Until recently, the cost of 10GbE NICs and switches and their reliance on SFP and Direct Attached Twin Axial Cabling have made 10GbE a pricey option for the few NASes that supported 10GbE. But Intel's $350 X540-T1 NIC that connects to standard RJ45 / CAT6 cabling has brought 10GbE within the reach of small businesses and prosumers that just have to have the highest performance possible from their networked storage.

At around $1300, Thecus' N7710-G is aimed directly at scratching that higher-throughput itch without driving buyers into the poorhouse. It sports a built-in 10GbE port nestled into its single PCI-e slot, plus two aggregatable 1 Gigabit Ethernet ports. It's also available sans the 10GbE port as the N7710.

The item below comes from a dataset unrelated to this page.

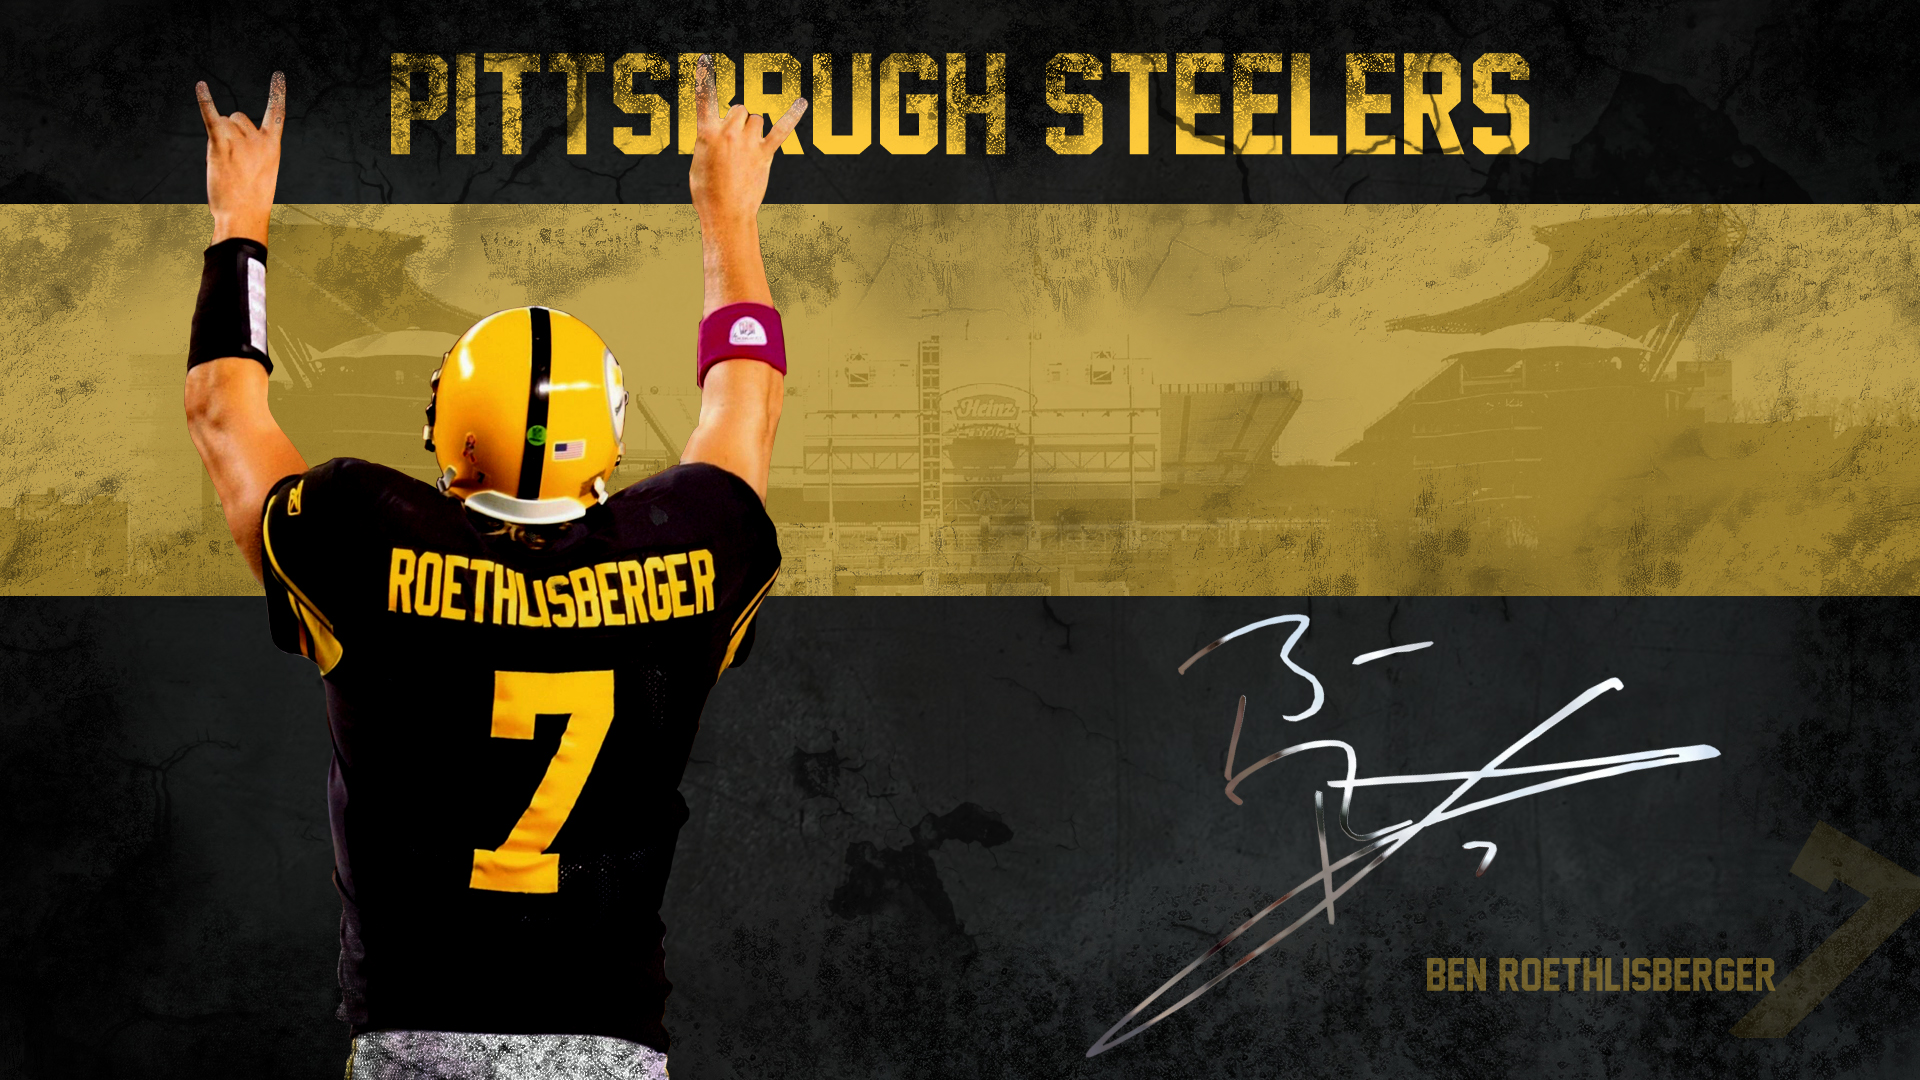  Steelers HD desktop wallpaper Pittsburgh Steelers wallpapers 1920x1080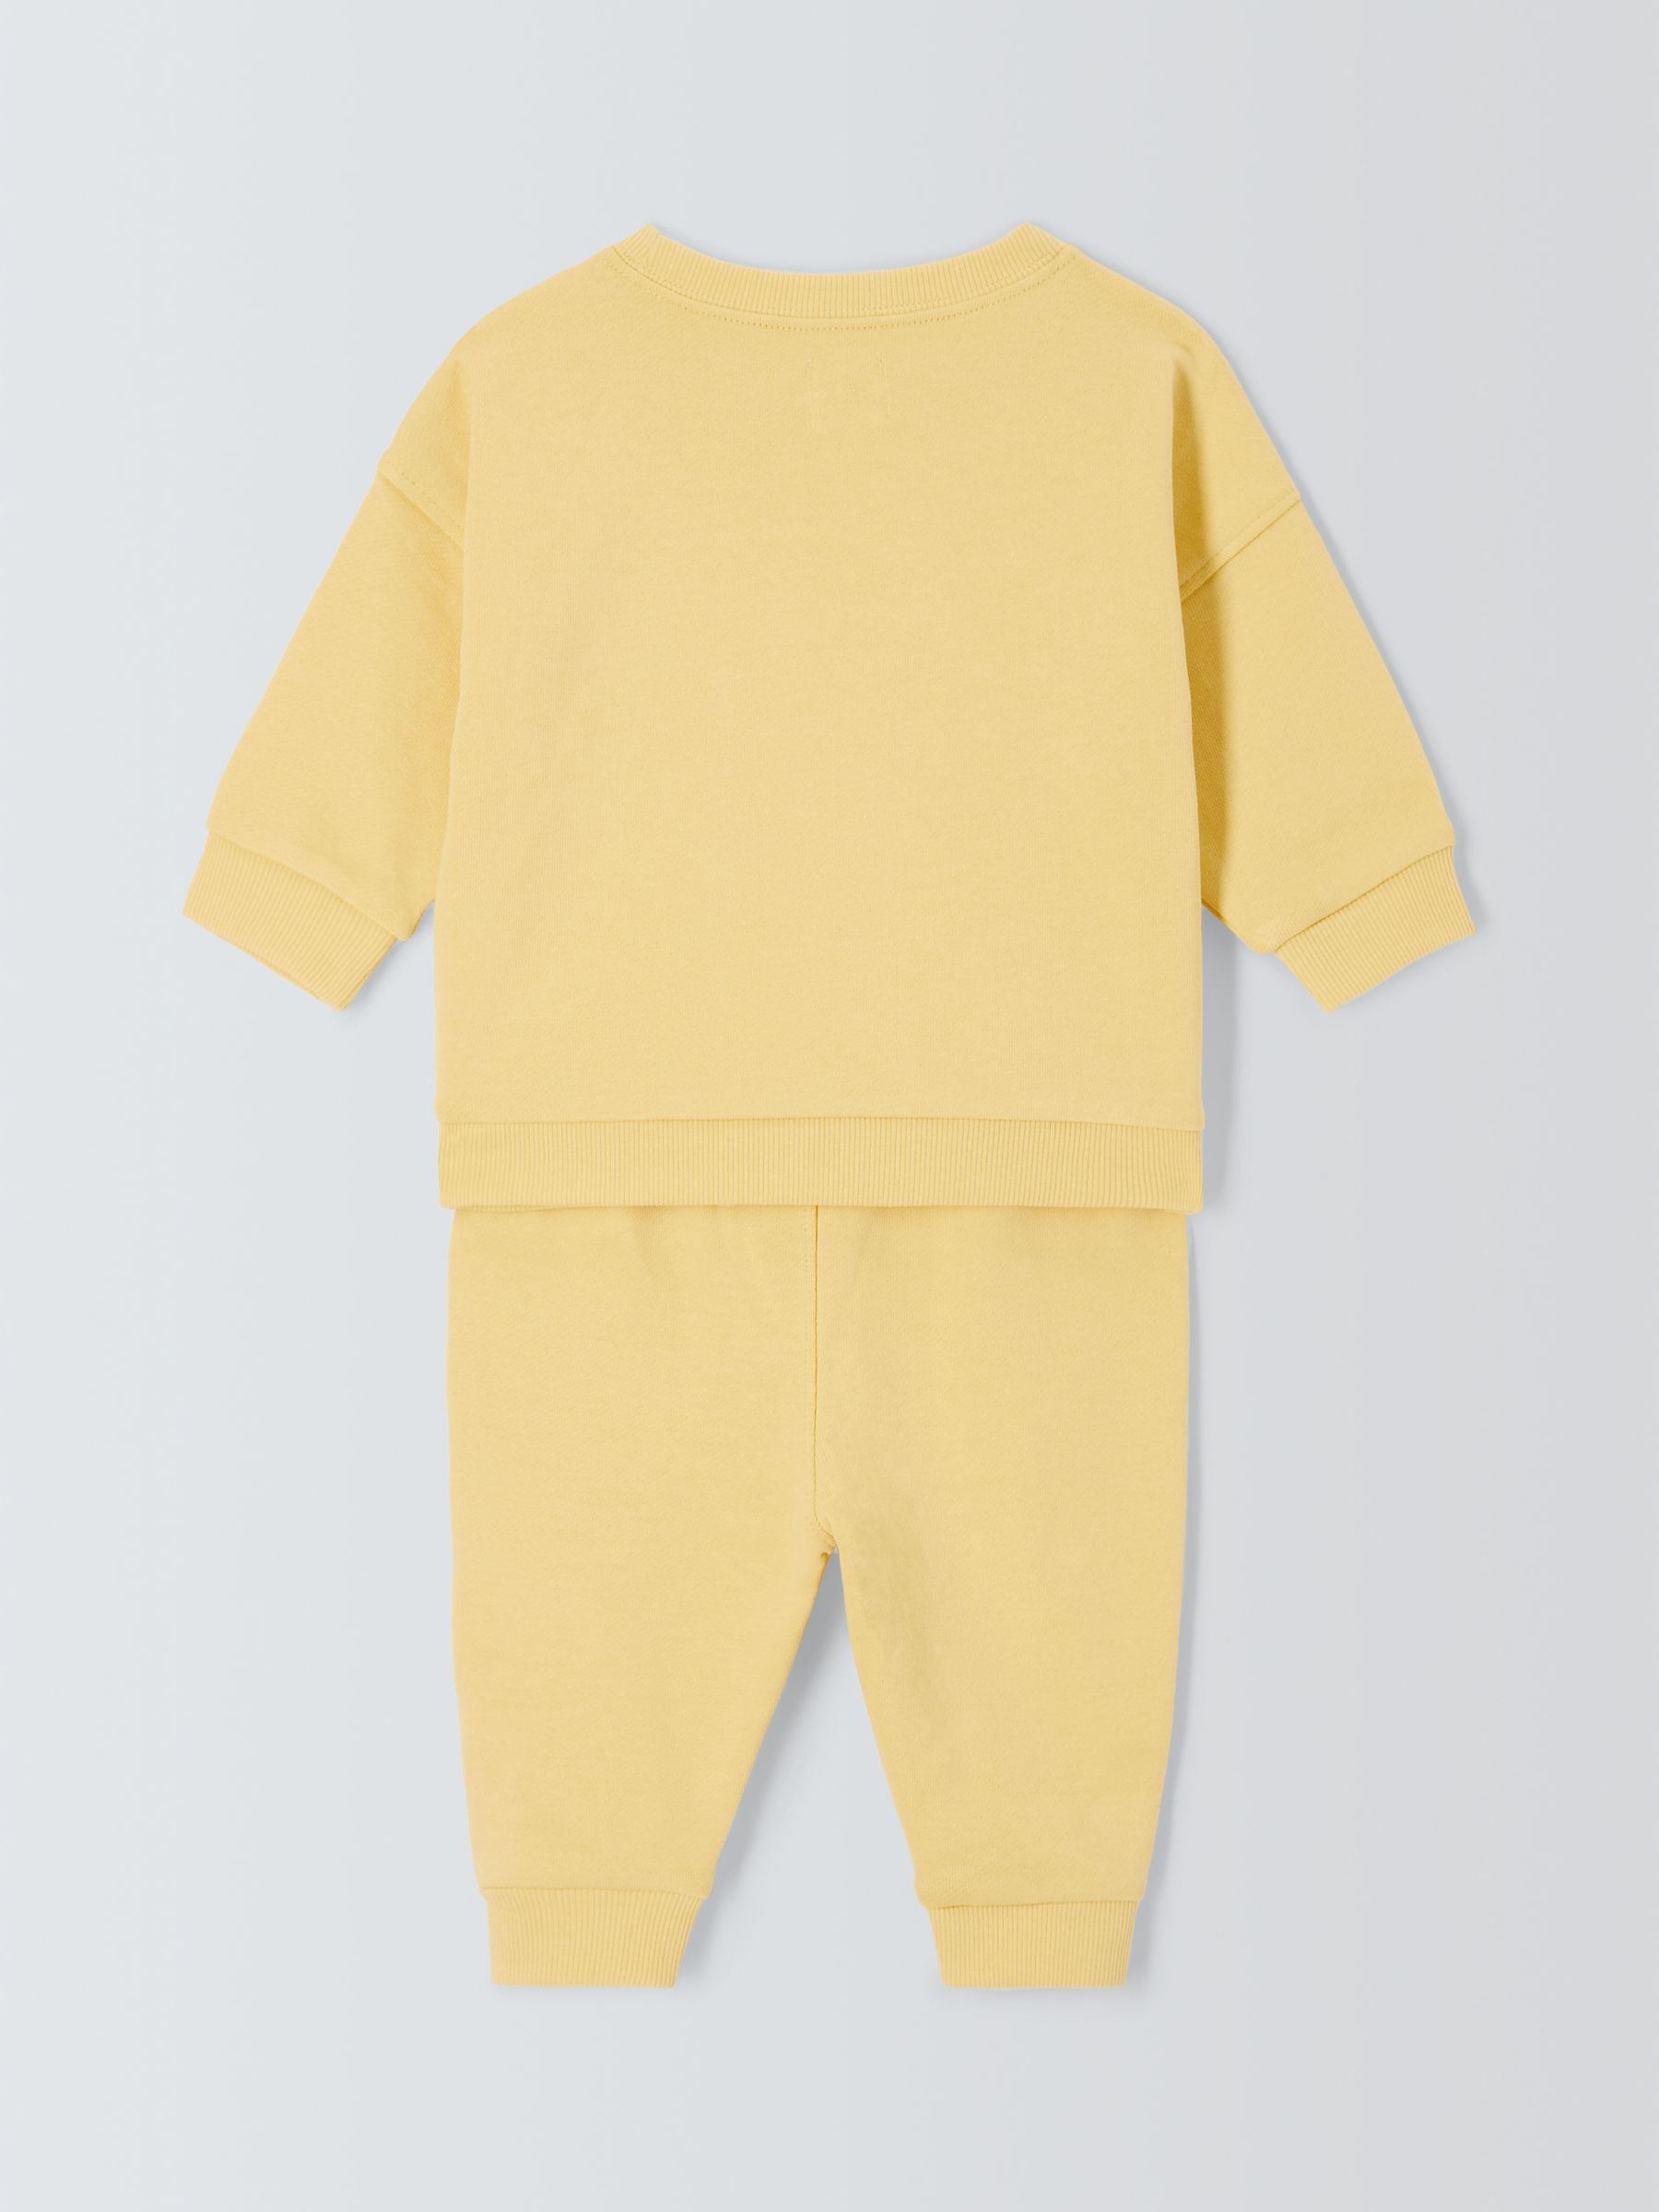 John Lewis ANYDAY Baby Smile Motif Sweatshirt & Jogger Set, Yellow, 6-9 months

The N7710-G effectively replaces the TopTower N6850 [reviewed] that is currently the entry-level NAS in Thecus' "Large Business-Tower" line, even though the N7710-G is positioned as the top end of Thecus' "SMB-Tower" group. To save cost, the N7710-G swaps the TopTowers' touch-sensitive glass panel for the old-school LCD and button interface found on the other "SMB-Tower" models like the N7700PRO v2 and N7510 [reviewed].

Thecus' seven-bay chassis hasn't changed since we first saw it in the N7700. The front door still has is secured with a push-push latch and no lock. And each of the drives sits in a lockable tray that has light pipes to carry power and activity / error lights forward from the drive backplane. It seems like the drive lights are now better positioned behind the front cover holes, but it could be my imagination...

N7710-G Front panel callouts
N7710-G Front panel callouts

The rear panel view below shows four more USB 2.0 ports for a total of six and there are two USB 3.0 ports, dual aggregatable Gigabit Ethernet ports and both HDMI and VGA ports for monitor attachment. The blank slot at the top of the photo below should show the single RJ45 10GbE port provided by Thecus' C10GT PCIe card. The NIC compatibility list shows other 10GbE NICs from Emulex and Intel that alternatively could be user-installed.

N7710-G rear panel callouts
N7710-G Rear panel callouts

I used four WD Re 3 TB drives provided by WD (WD3000FYYZ-0) for testing. They brought total power consumption with all drives spun up to 76 W. The drives all spun down after the 30 minute idle time so that I could measure 43 W in that mode.

The N7710-G is relatively quiet, considering its power draw. I rated its noise level as medium, coming mostly from the system fan. With all seven drives loaded, I imagine it could move up to medium high.